Ring Lardner, Jr. was an unapologetic leftist. He actually had joined the American Communist Party in 1937, though than as now, it was not illegal to do so. He became a publicist in Hollywood before deciding that he had a knack for screenwriting. He took a job with Twentieth Century Fox, where he worked on classics like Laura and Forever Amber. While the studios were uneasy about his politics, they ignored them until HUAC subpoenaed him and he refused to answer any questions.

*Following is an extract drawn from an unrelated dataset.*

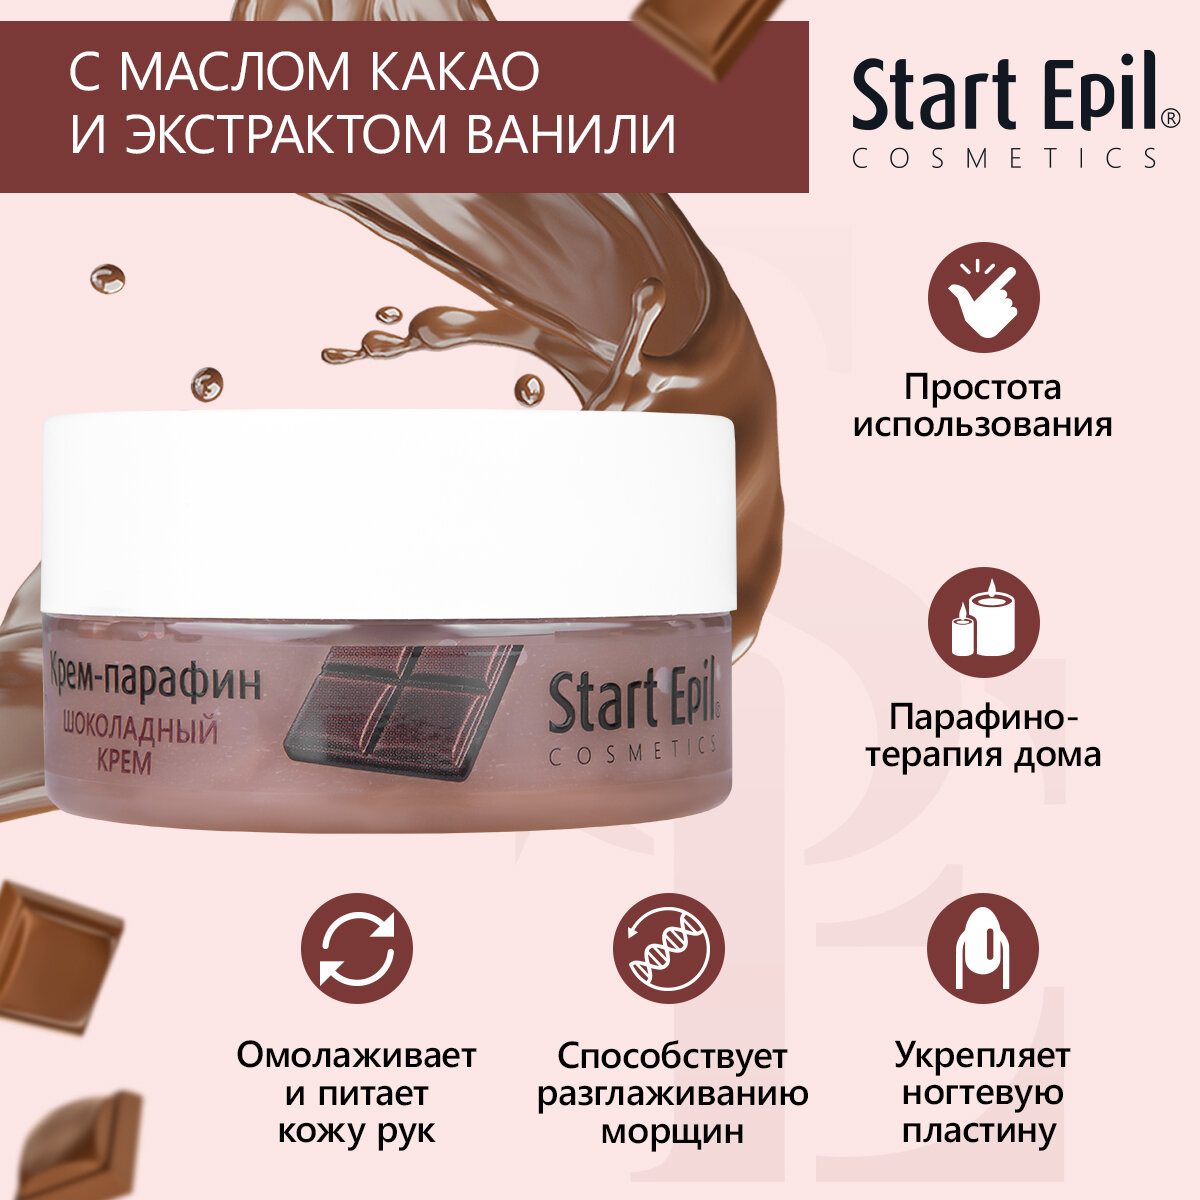 Start Epil Крем-парафин Шоколадный крем, 150 мл

He soon found himself fired by Twentieth Century Fox and blacklisted. He fled to England where he worked on a novel and wrote under a pseudonym. It is rumored that one of his films won a best screenplay Oscar, though that has never been verified. His presence on the blacklist would be lifted when producer Martin Ransohoff put his name on the credits of The Cincinnati Kid. Ring would go on to write the screenplay for the theatrical release M*A*S*H, setting up a huge franchise for Twentieth Century Fox, the studio that had turned its back on him. Mr. Lardner would pass away in 2000, the last of the Hollywood Ten to pass away.

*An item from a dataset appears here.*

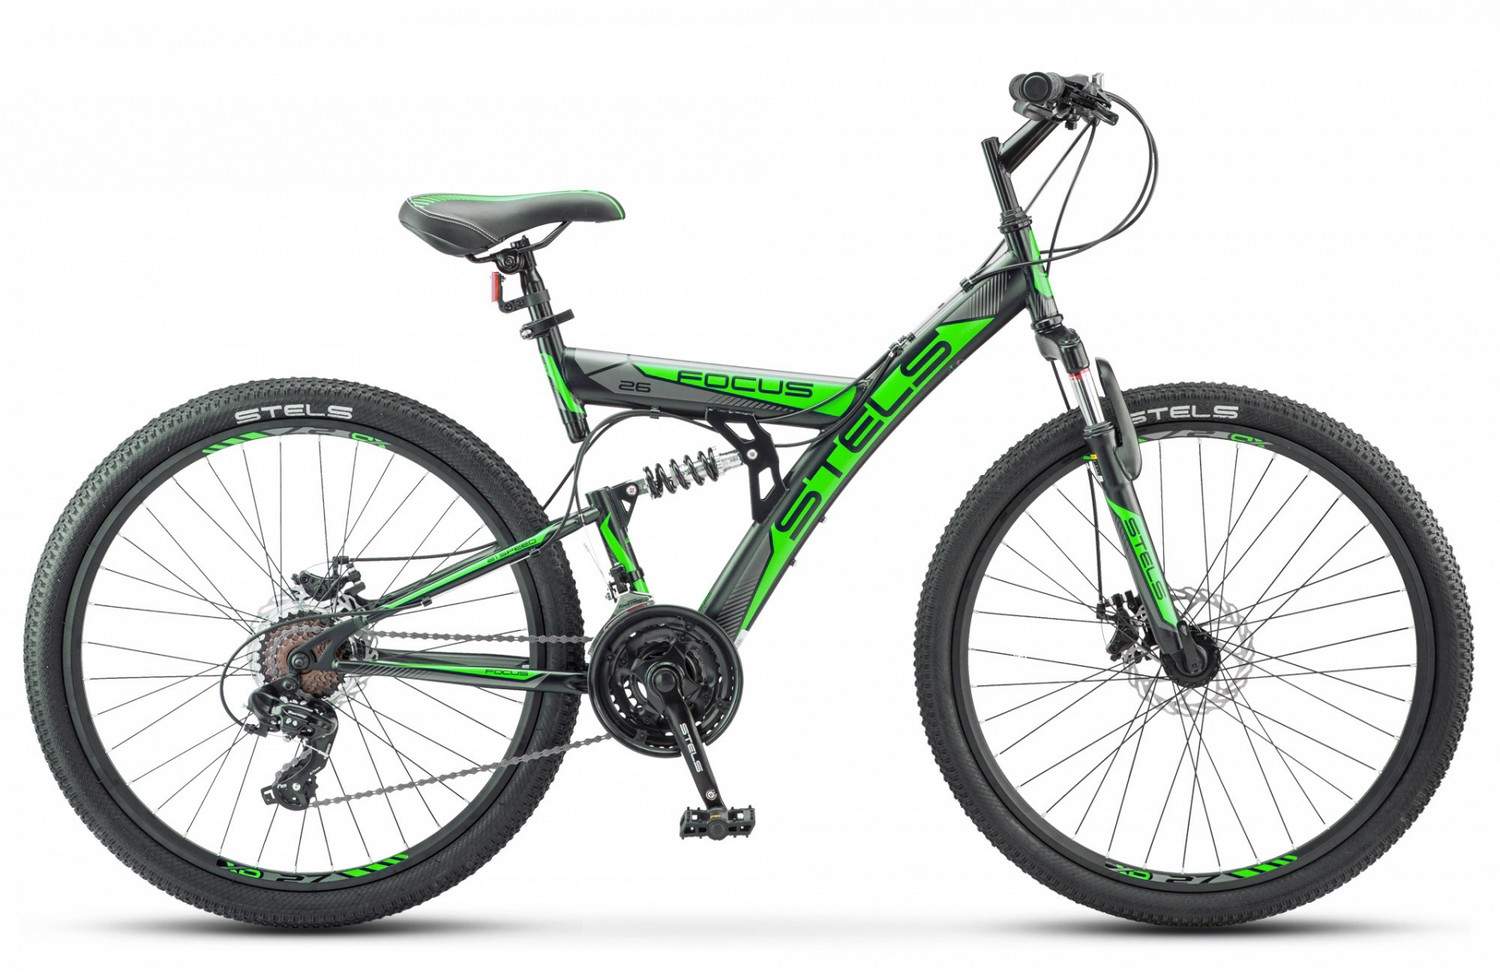 Stels Велосипед Focus MD 26 21 sp V010, 2020, ростовка 18, Черный, Зеленый

Tuesday, November 22, 2016

Jerry Lewis Cinemas

Hoyvin, glayvin! In the 1970's Jerry Lewis' career had hit the skids. He might have been revered in France, but he was box office poison in the United States. How could he parlay his previous fame into cash? Why not try his hand at promoting a chain of family-friendly cinemas?

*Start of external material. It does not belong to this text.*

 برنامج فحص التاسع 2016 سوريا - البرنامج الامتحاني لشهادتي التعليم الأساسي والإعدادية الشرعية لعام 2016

You kids and your glayvin, hoyvin cinemas! 

Jerry Lewis Cinemas was a chain of franchised theaters that foresaw the current trend of multi-plex theaters. Investors could build their theater from a pre-designed plan and show family-friendly second run films. Jerry Lewis' team provided an operational plan that would minimize overhead and maximize profits for the franchisees. How could they go wrong?

Jerry Lewis in person? Is that a threat?

Well, opening up a theater that wouldn't show more adult fare right when some of the greatest cinematic achievements were being made was a bad idea. That was one of the first changes Jerry made, allowing the franchisees more freedom in choosing what they exhibited. One of the biggest stumbling blocks, however, was the name. Meant to bring Hollywood glamour to the sticks, the name instead dragged them down. Jerry Lewis was seen as a hokey, schlocky also-ran who was no longer relevant. Plus, potential customers were confused. Did this theater only show those old, creaky Jerry Lewis films? By the end of the decade, some of these theaters resorted to showing porn, while the others slowly but surely shut down. Mr. Lewis was forced to declare this enterprise as dead as his career was.

Monday, November 21, 2016

The Hollywood Ten: Edward Dmytryk

Edward Dmytryk was born in Canada, the son of Ukrainian immigrants. They moved to Los Angeles, where Edward became a naturalized citizen who attended Hollywood High School and worked for Famous Players/Lasky. (Which later became Paramount Pictures.) He worked his way up, becoming a projectionist, film editor and eventually a director.


Mr. Dmytryk actually did join the Communist party and was convinced to not testify before HUAC. He fled the country and directed a film in England that was suppressed in the United States. He was soon returned to the United States where he was arrested and imprisoned. This time he gave into the pressure and testified twice, naming names. Hollywood rewarded him by re-hiring him. He then made the film he was most known for- The Caine Mutiny.


Edward never really apologized for his transgression, believing that he was justified because of the damage his career suffered.